I will talk about two project involving oriented tissue flows.

1) Most animals display one or more body axes (e.g. head-to-tail, left-right, ventral-dorsal), which usually emerge during early embryogenesis. In our work, we demonstrate that large-scale tissue flows can play an important role for the formation of body axes. To this end, we study aggregates of mouse embryonic stem cells, called gastruloids. Gastruloids are initially spherically symmetric, but later form an axis defined by the polarized expression patterns of specific proteins such as T/Brachyury or E-cadherin. While such early embryonic pattern formation is usually studied in the context of genetic and bio-chemical interactions, we show that also advection of cells with tissue flows contribute appriximately 1/3 to the overall polarization. We then more closely analyzed the flow field in the gastruloids and found that the dominant component was a recirculating flow. We further showed that this large-scale flow could be understood as a Marangoni flow, i.e. driven by interface and surface tension differences. We further independently confirmed the existence of differential interface and surface tensions though aggregate fusion experiments. Taken together, we found that in polarized gastruloids, differential tensions drive recirculation flows, which in turn further amplify polarization. We expect such a feedback loop to act also in many other systems in vitro and in vivo.

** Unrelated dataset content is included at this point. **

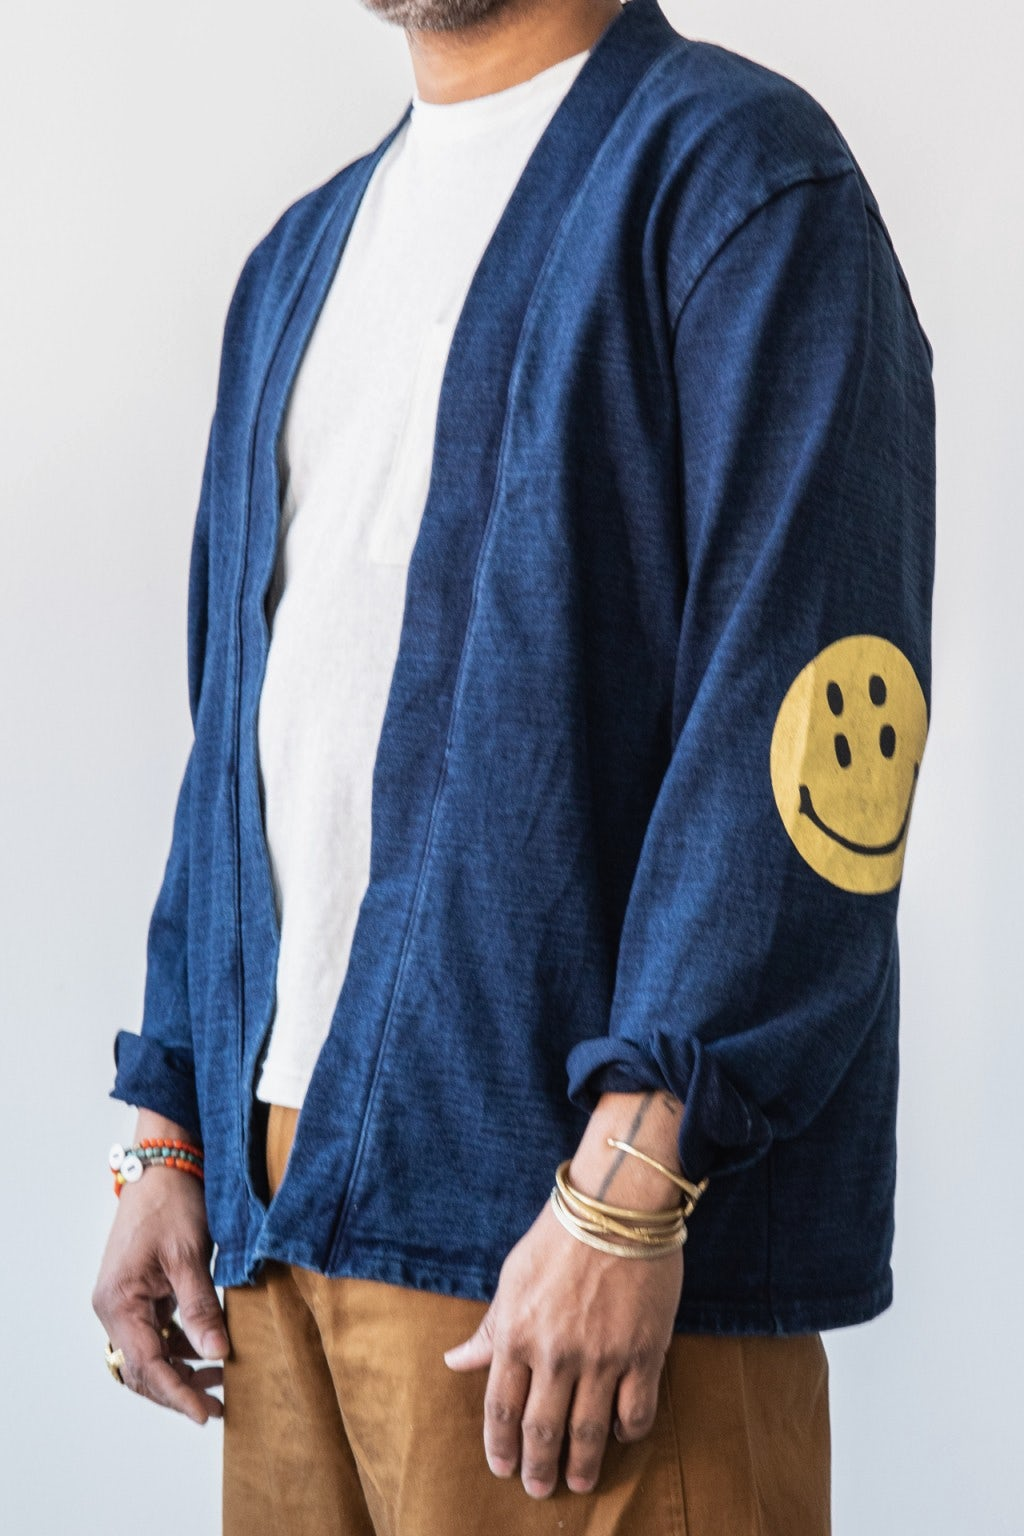 Kapital IDG Dense Jersey KAKASHI Cardigan (RAIN SMILE) Indigo

2) Oriented tissue deformation is a fundamental process omnipresent during animal development. However, how exactly cells coordinate to achieve robust oriented deformation on the tissue scale remains elusive. From a physics perspective, deforming tissues can be described as oriented active materials. However, it is known that oriented active materials can inherently exhibit instabilities such as the Simha-Ramaswamy instability. This instability destroys the homogeneously deforming state of active materials. This raises the question of how robust anisoropic tissue deformation can be possible during animal development. In particular, we ask whether the presence of a chemical signaling gradient (e.g. a morphogen gradient) can help stabilize oriented tissue deformation. Using a combination of vertex and hydrodynamic models, we find that stability depends on whether the signaling gradient acts to extend or contract the tissue along the gradient direction. In particular, gradient-extensile coupling can be stable, while gradient-contractile coupling is generally unstable. Intriguingly, developing tissues seem to exclusively use the gradient-extensile and not the unstable gradient-contractile coupling, suggesting that nature might just never have evolved the latter. Our work points to a potential new developmental principle that is directly rooted in active matter physics.